Without including any pictures, reproduce the full listing exactly.

GIVEN INFORMATION:

-------------------------

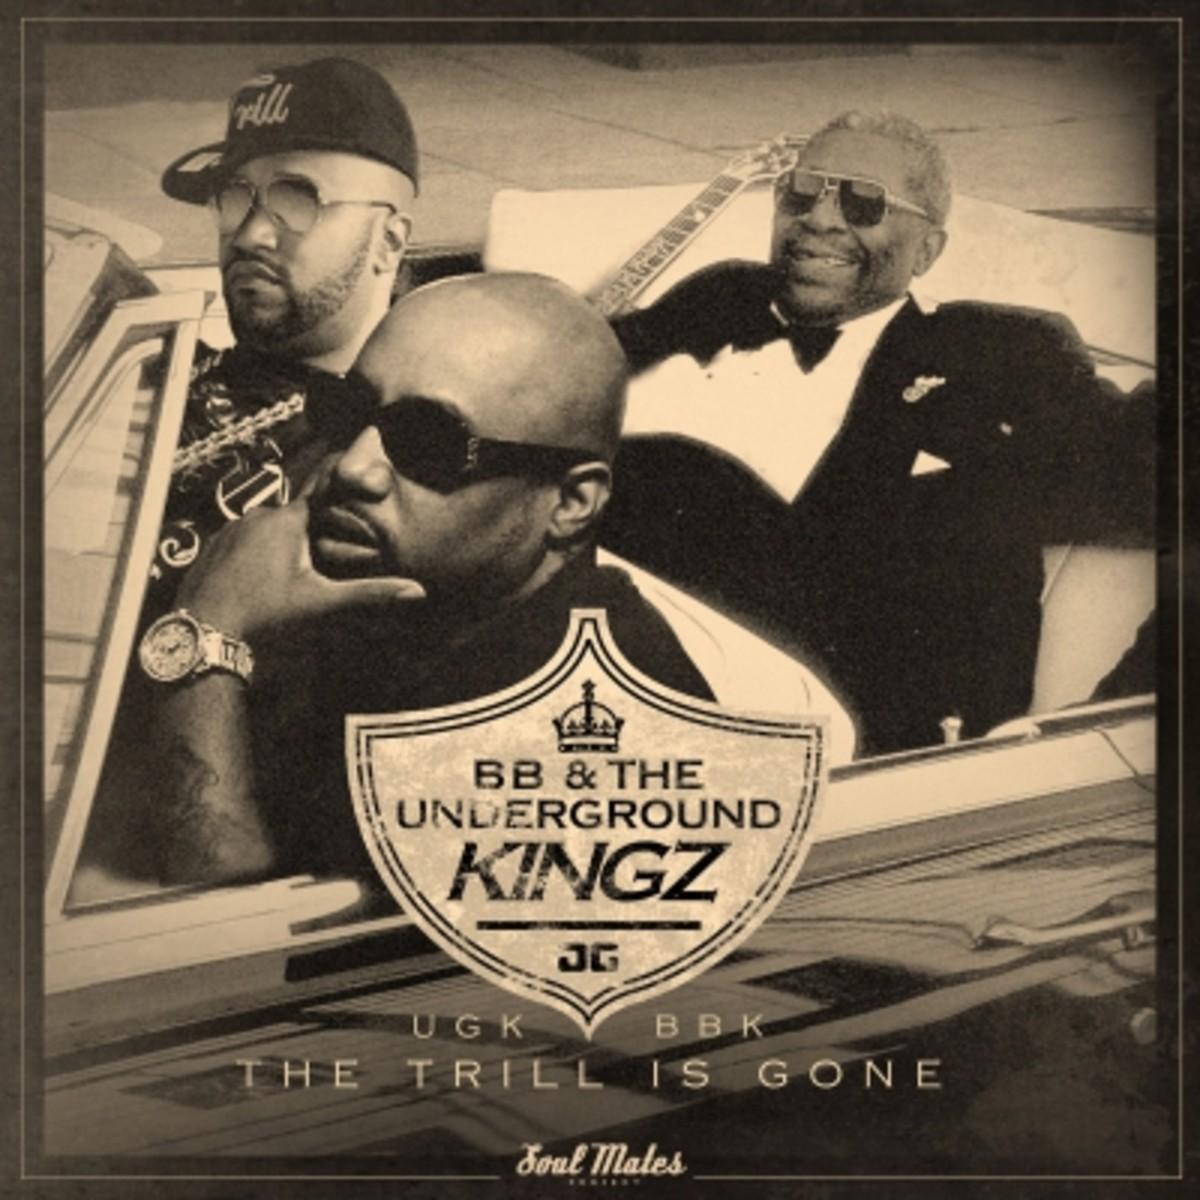 B B  & The Underground Kingz (UGK x B B  King) - Make Love
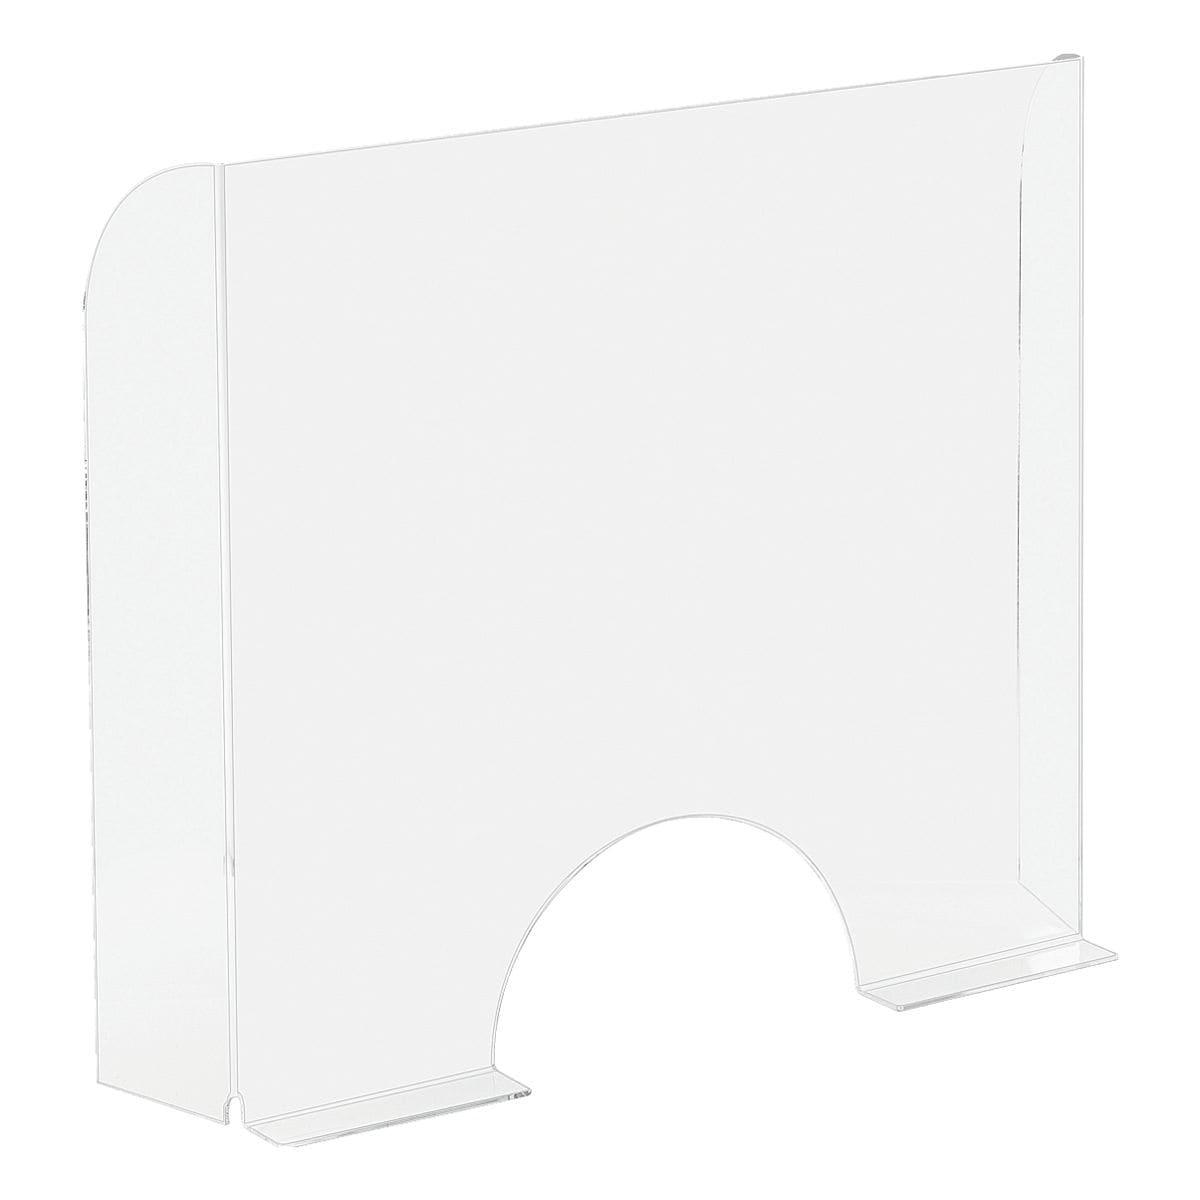 EXACOMPTA Nies- und Spuckschutz / Trennwand »Exascreen« 68 x 6 x 95 cm
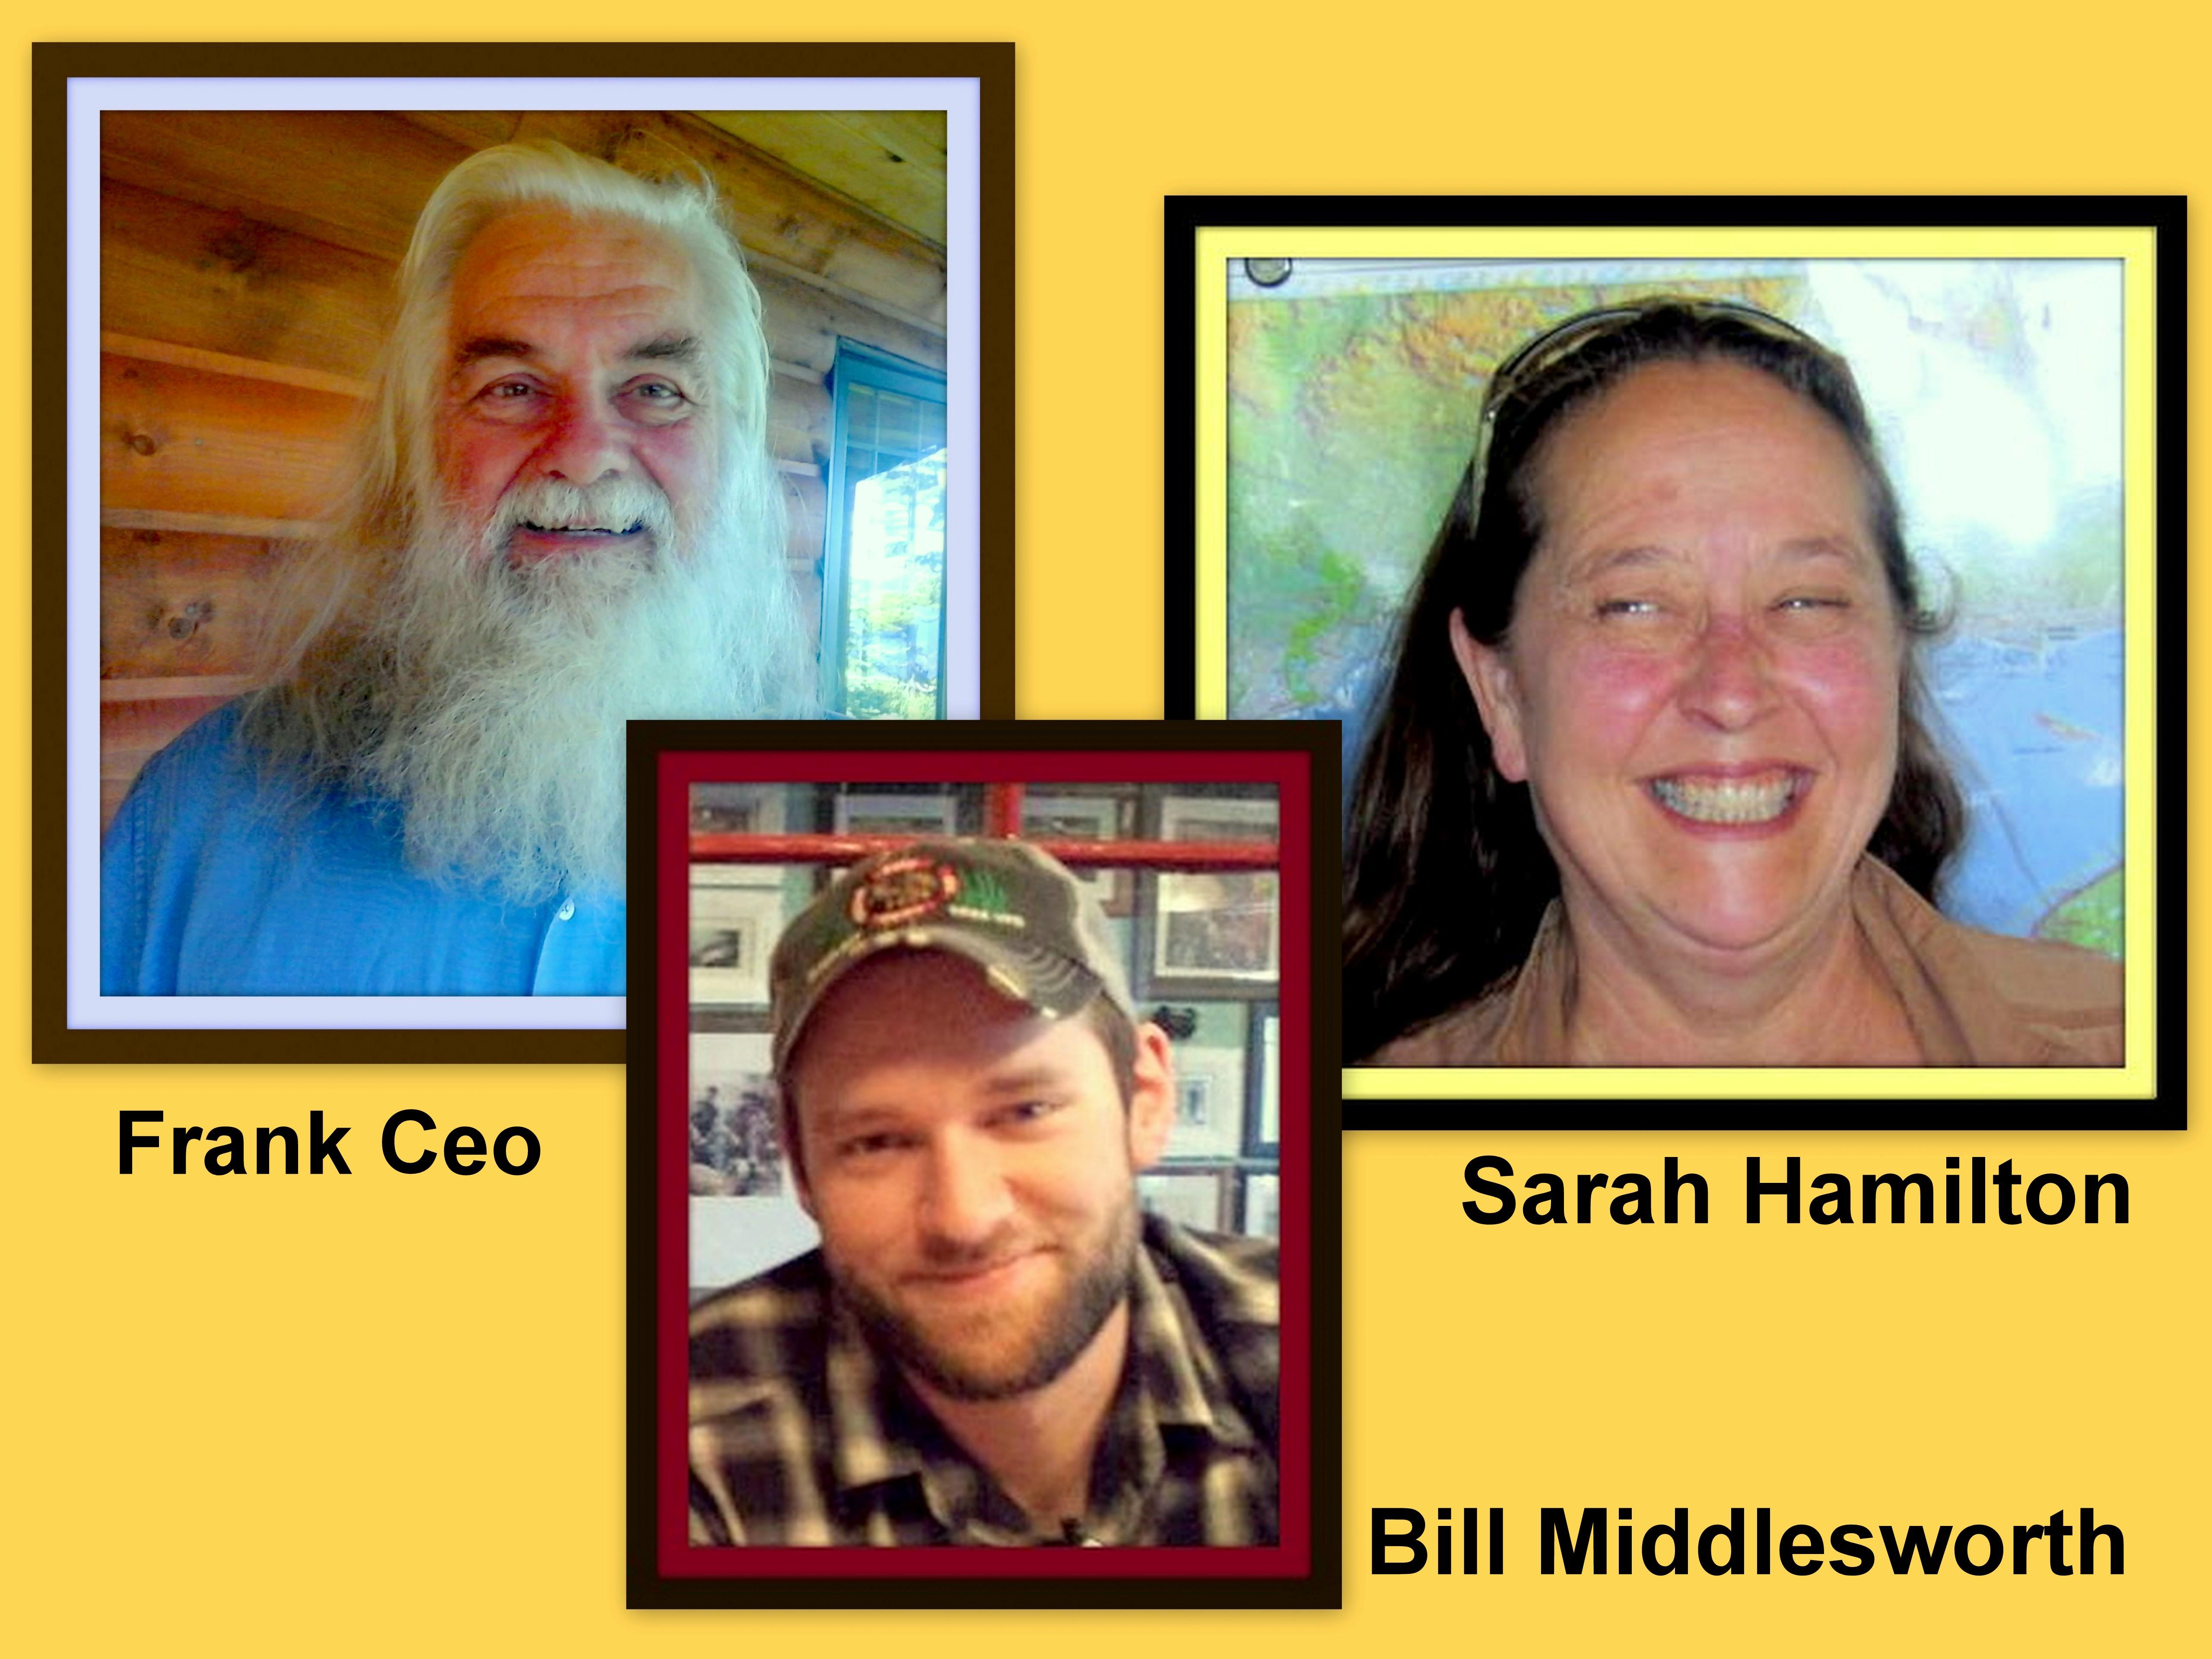 Frank Ceo, Bill Middlesworth, and Sarah Hamilton

-------------------------

RESULT FOR THIS TASK:
 B B  & The Underground Kingz (UGK x B B  King) - Make Love
 EXACOMPTA Nies- und Spuckschutz / Trennwand »Exascreen« 68 x 6 x 95 cm
 Frank Ceo, Bill Middlesworth, and Sarah Hamilton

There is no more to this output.